Opinion
March 3, 2009.
Order, Supreme Court, New York County (Charles E. Ramos, J.), entered November 12, 2008, which granted defendant's cross motion for a preliminary injunction in aid of arbitration, unanimously affirmed, with costs.
Before: Mazzarelli, J.P., Gonzalez, Sweeny, McGuire and DeGrasse, JJ.
In addition to showing that the arbitration award could be rendered ineffectual, a party seeking an injunction in aid of arbitration must demonstrate the traditional factors for injunctive relief under CPLR article 63 (CPLR 7502 [c]; see SG Cowen Sec. Corp. v Messih, 224 F3d 79, 83-85 [2d Cir 2000] [construing CPLR 7502 (c) and CPLR 7501 and concluding that in addition to a showing that the arbitration award could be rendered ineffectual the traditional requirements for injunctive relief apply to a request under CPLR 7502 (c) for injunctive relief]). Plaintiff asserts that defendant failed to satisfy two of those elements — a likelihood of success on the merits, and irreparable injury.

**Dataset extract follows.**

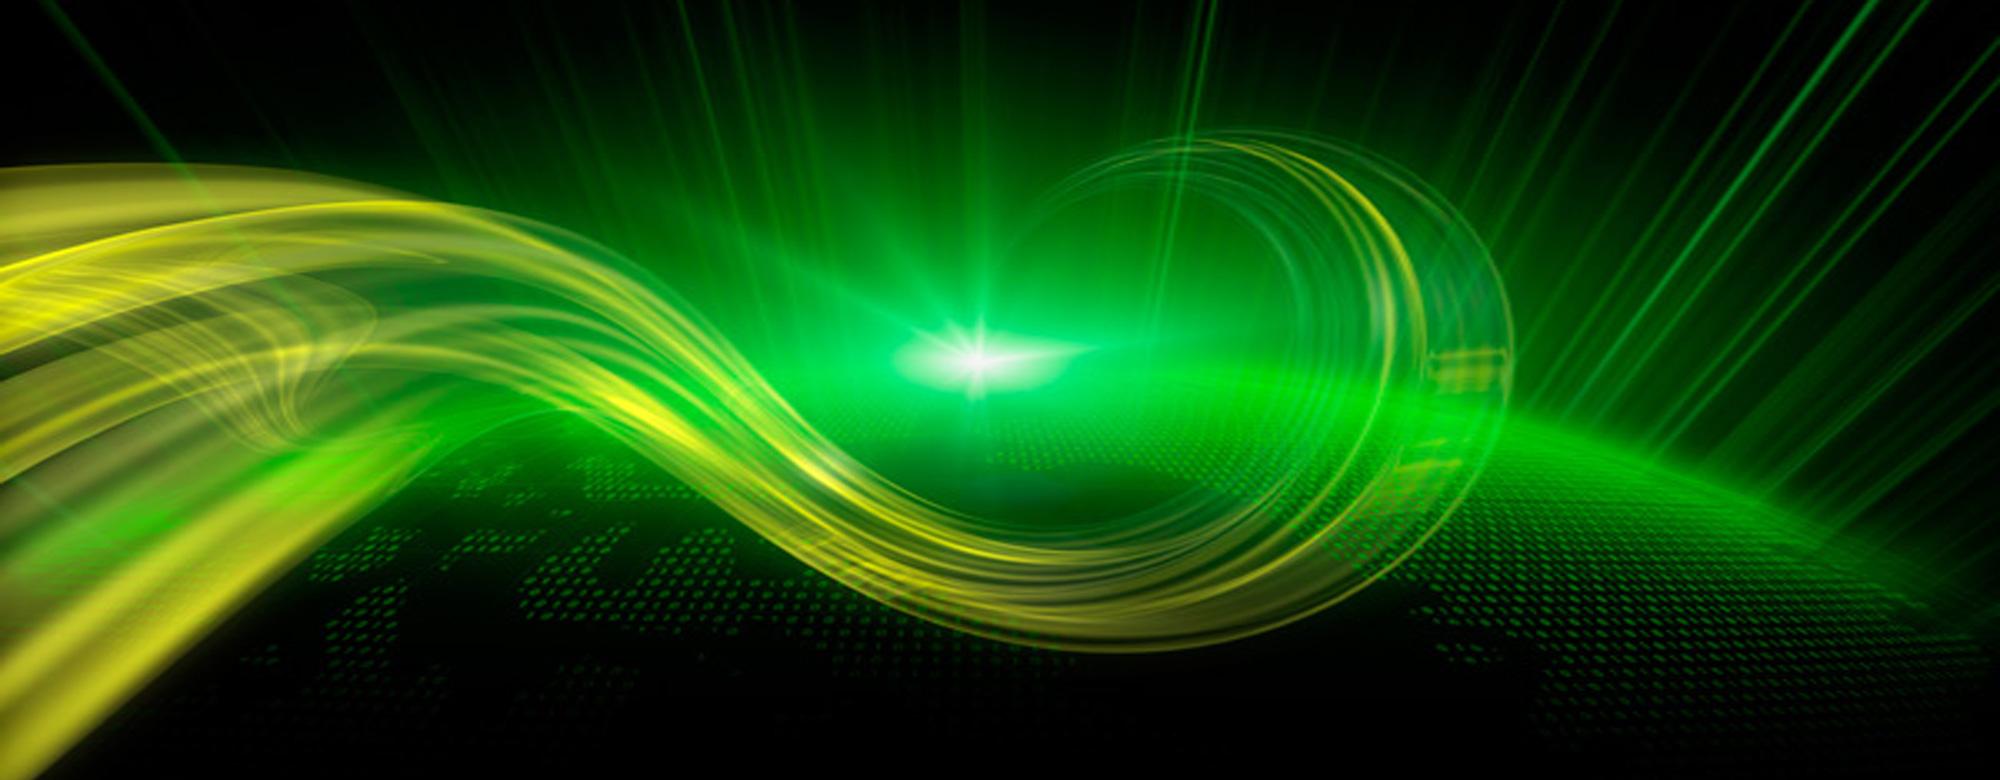 Titoli di efficienza energetica, aumentano le sessioni mensili
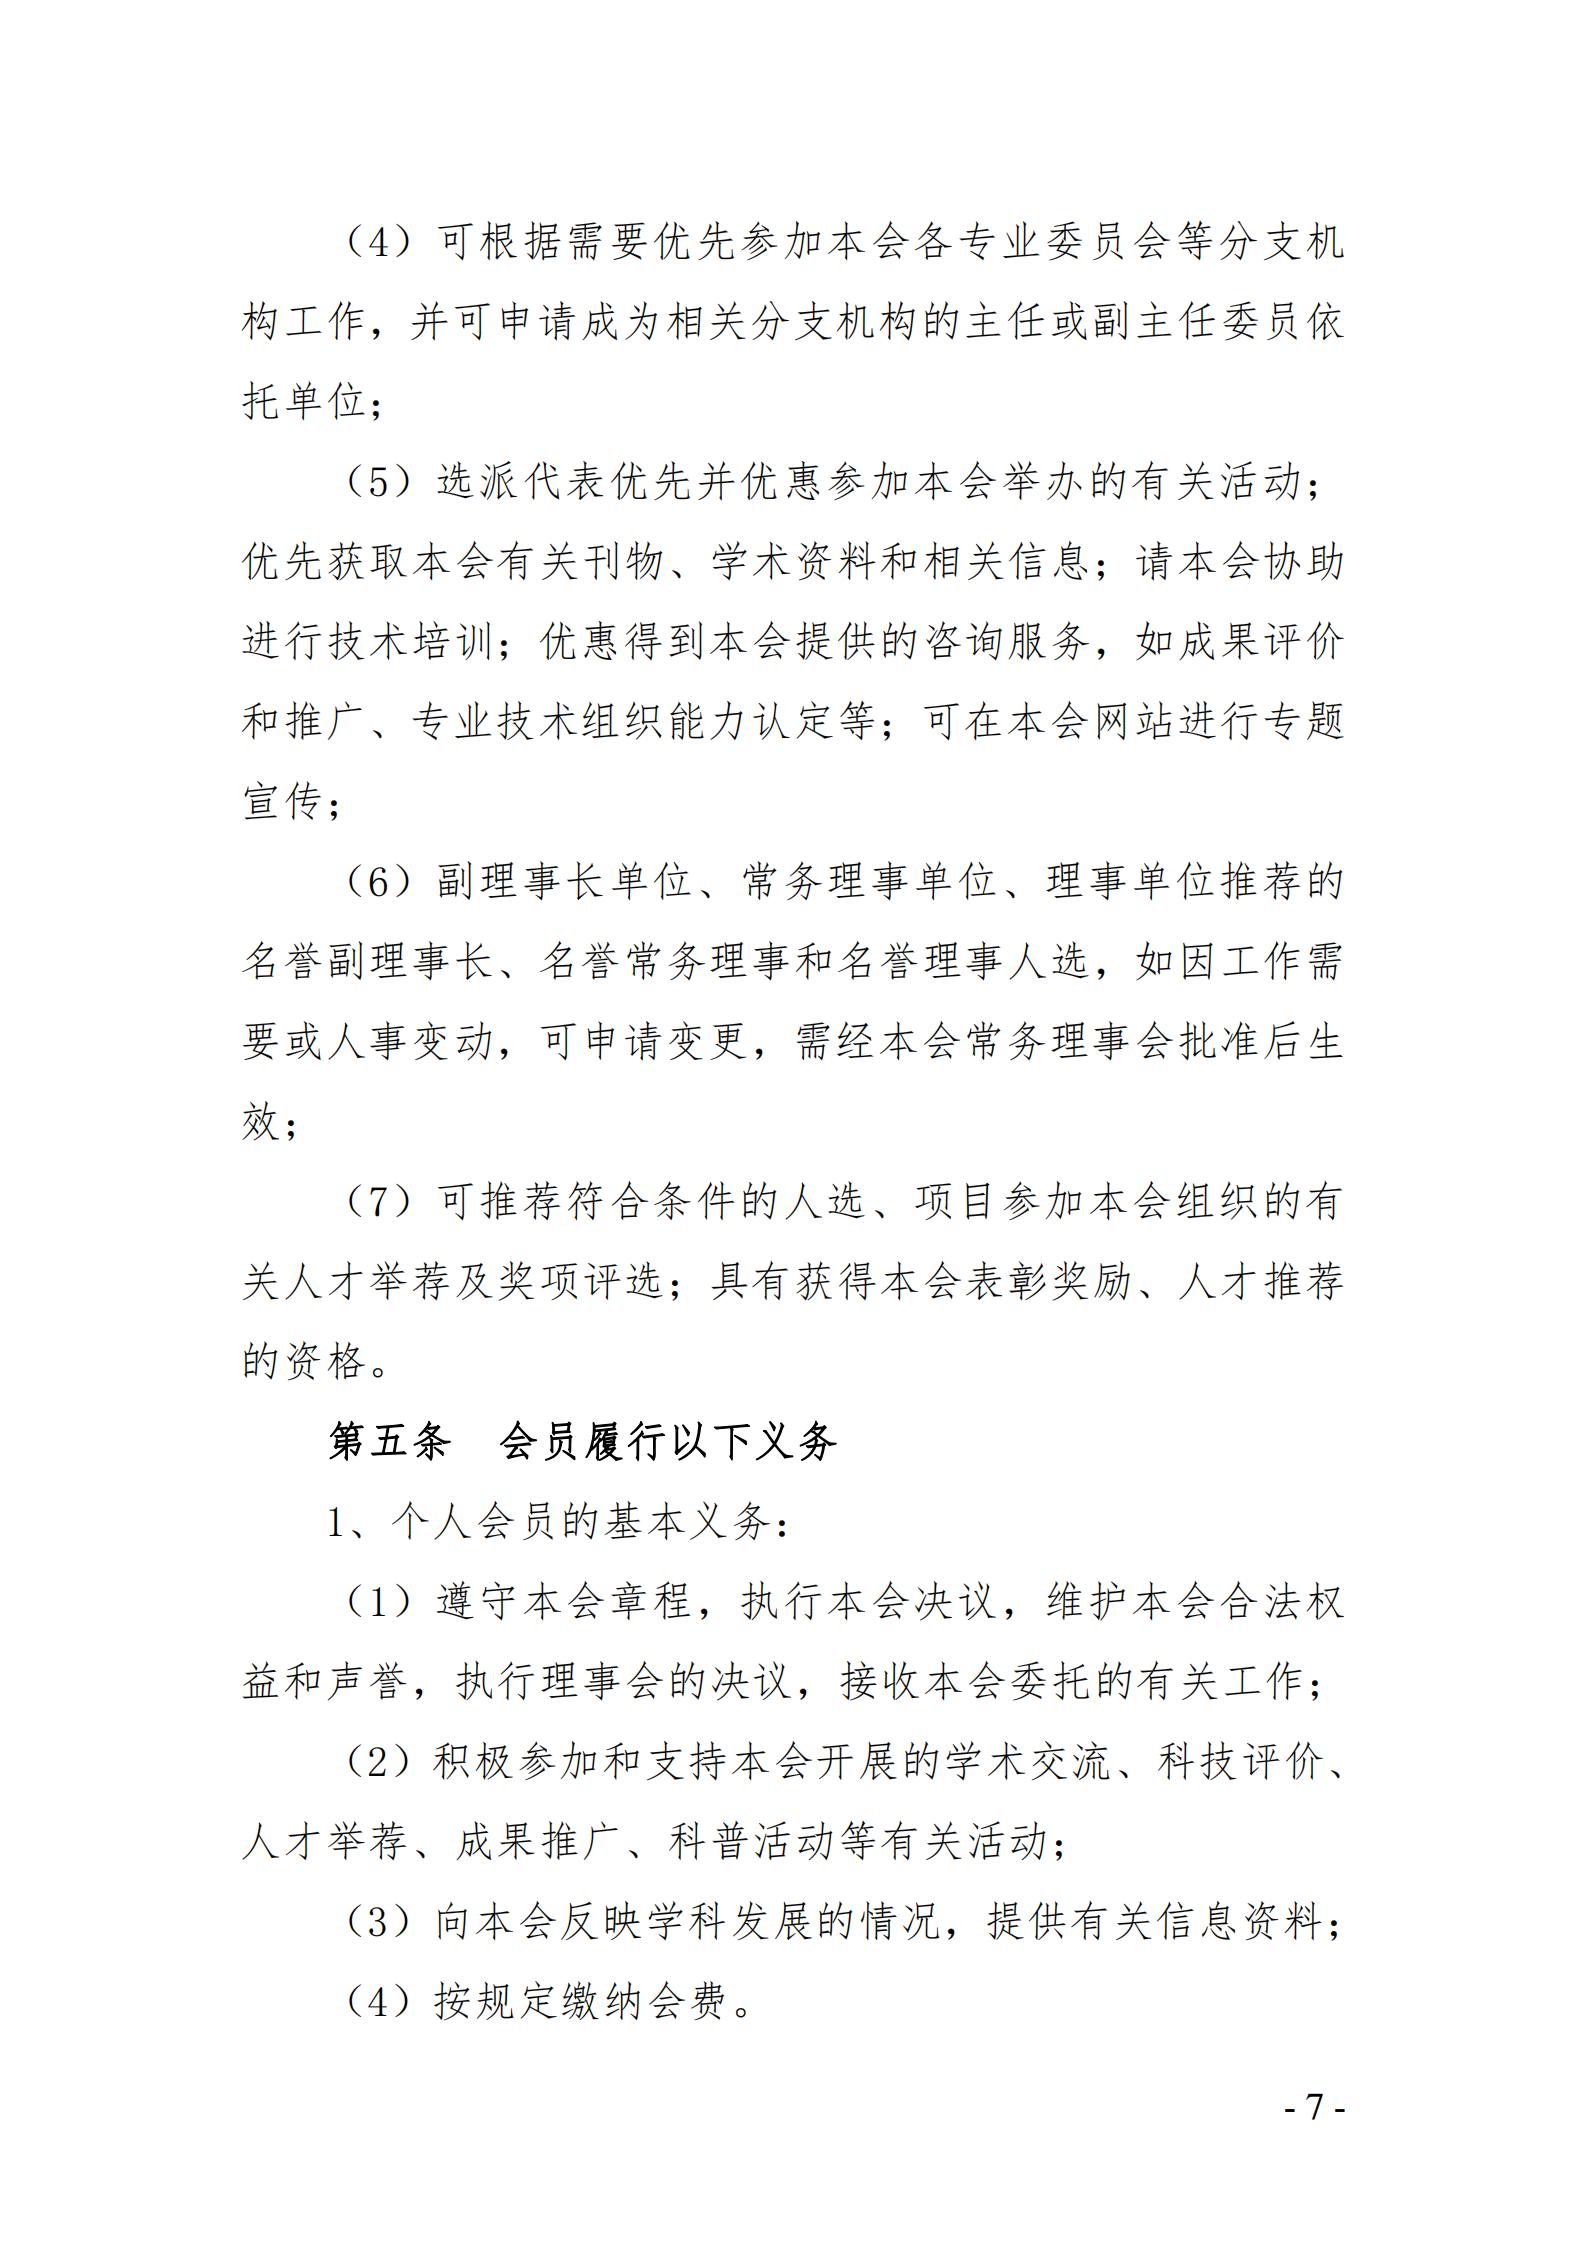 甘环学发【2021】3号 关于缴纳2021年甘肃省环境科学学会团体会员会费的通知_06.png

Defendant has met this standard. As to the merits, defendant claims to have an enforceable agreement for a supply contract to purchase LNG from the parties' mutually owned company. While the price term in that agreement is not definite on its face, we find defendant has made a sufficient showing that the term can be supplied from public price indices and industry practice. Given the wording of the price provision and the parties' clear intent to enter into a supply/output contract, the contract is not too vague to be enforced ( Cobble Hill Nursing Home v Henry Warren Corp., 74 NY2d 475, 483, cert denied 498 US 816). Moreover, the loss of rights to purchase a commodity into the future (the term of the agreement is 20 years) would result in a loss which, at the least, would be difficult to quantify ( Gundermann Gundermann Ins. v Brassill, 46 AD3d 615, 617 [upholding finding of irreparable injury where claimed damages were "difficult to quantify"]). Accordingly, defendant made a sufficient showing of irreparable injury.